- [Exercise] Leave the pictures out. Return all other data exactly.

- [Information supplied]
○ ○ ○ ○

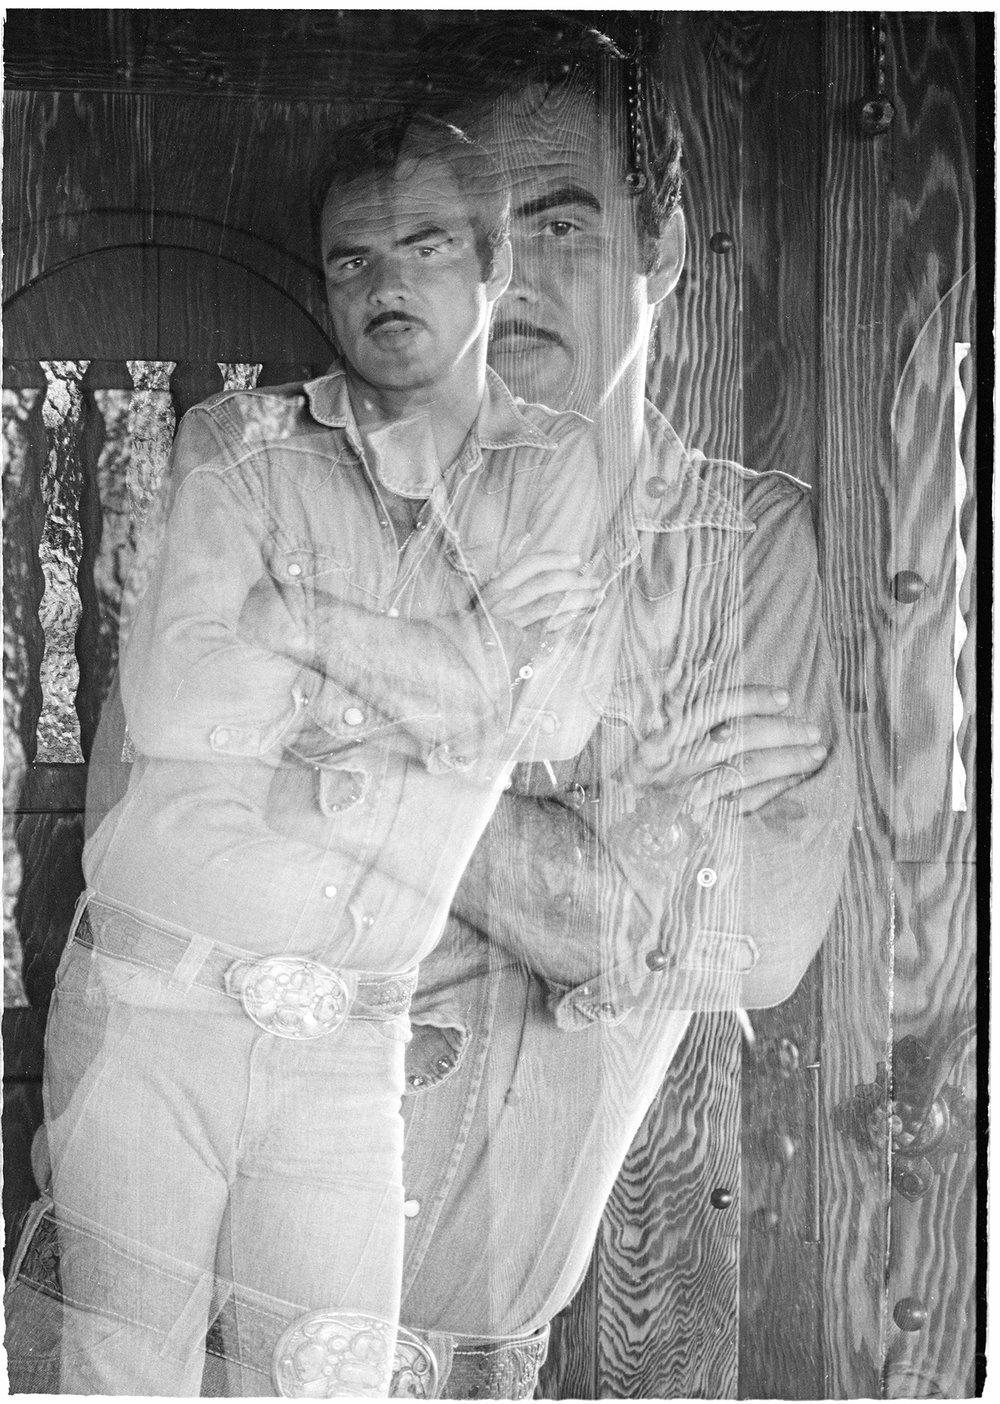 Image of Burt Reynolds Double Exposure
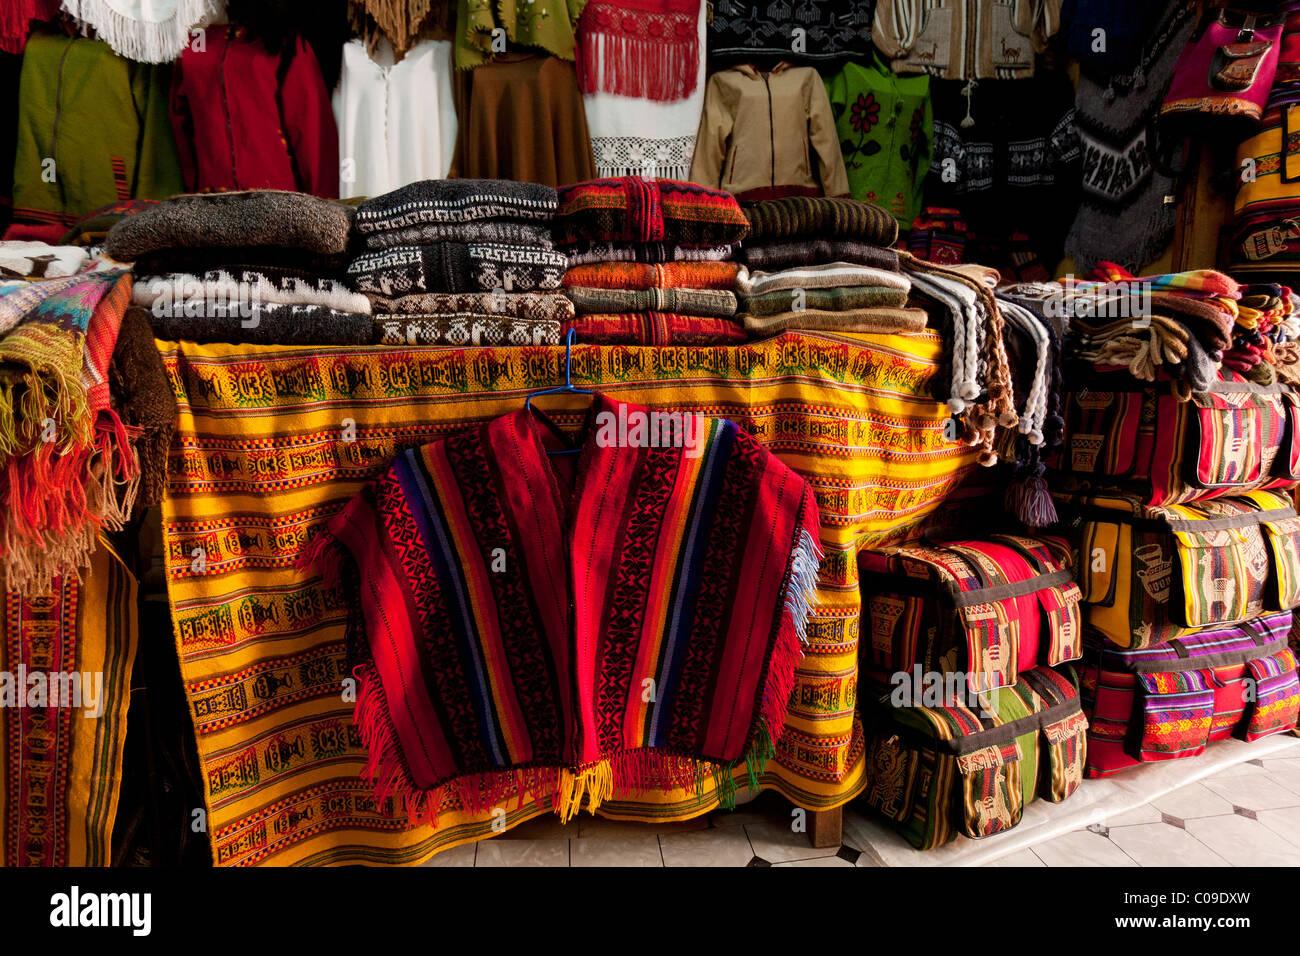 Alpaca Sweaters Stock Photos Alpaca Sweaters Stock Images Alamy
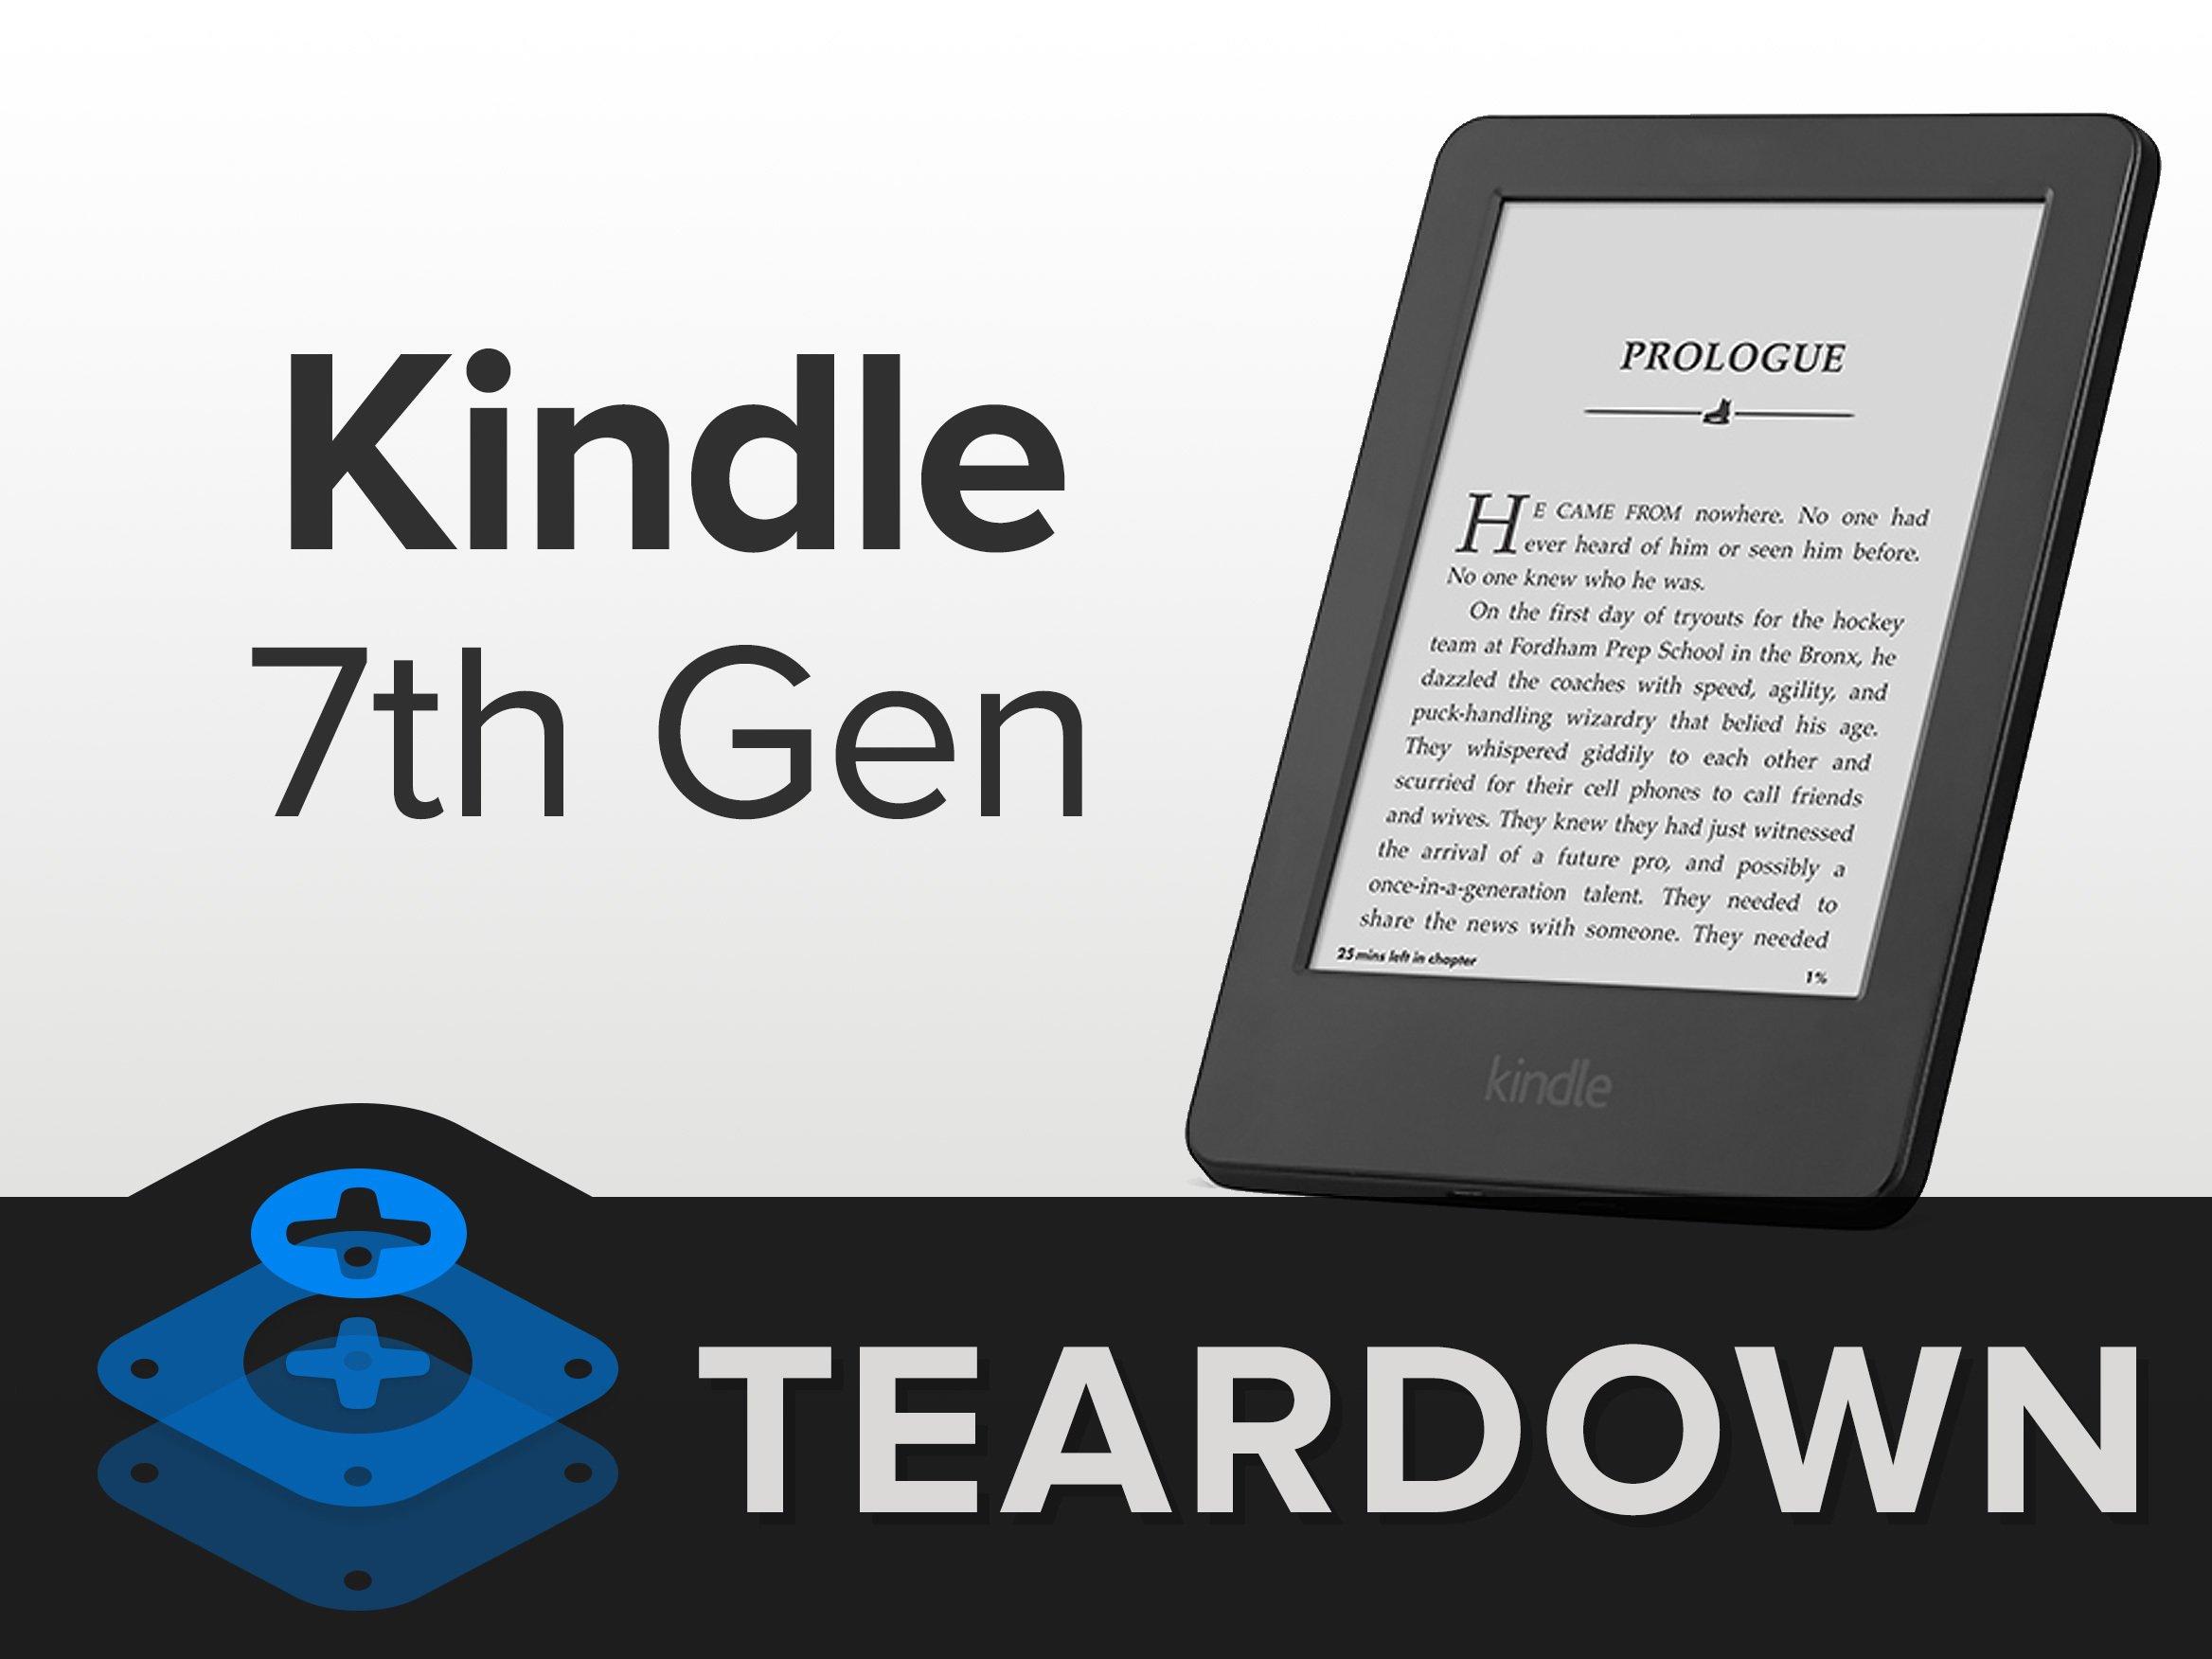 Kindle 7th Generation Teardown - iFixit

○ ○ ○ ○

- [Solution to the problem]
 Image of Burt Reynolds Double Exposure
 Alpaca Sweaters Stock Photos Alpaca Sweaters Stock Images Alamy
 Kindle 7th Generation Teardown - iFixit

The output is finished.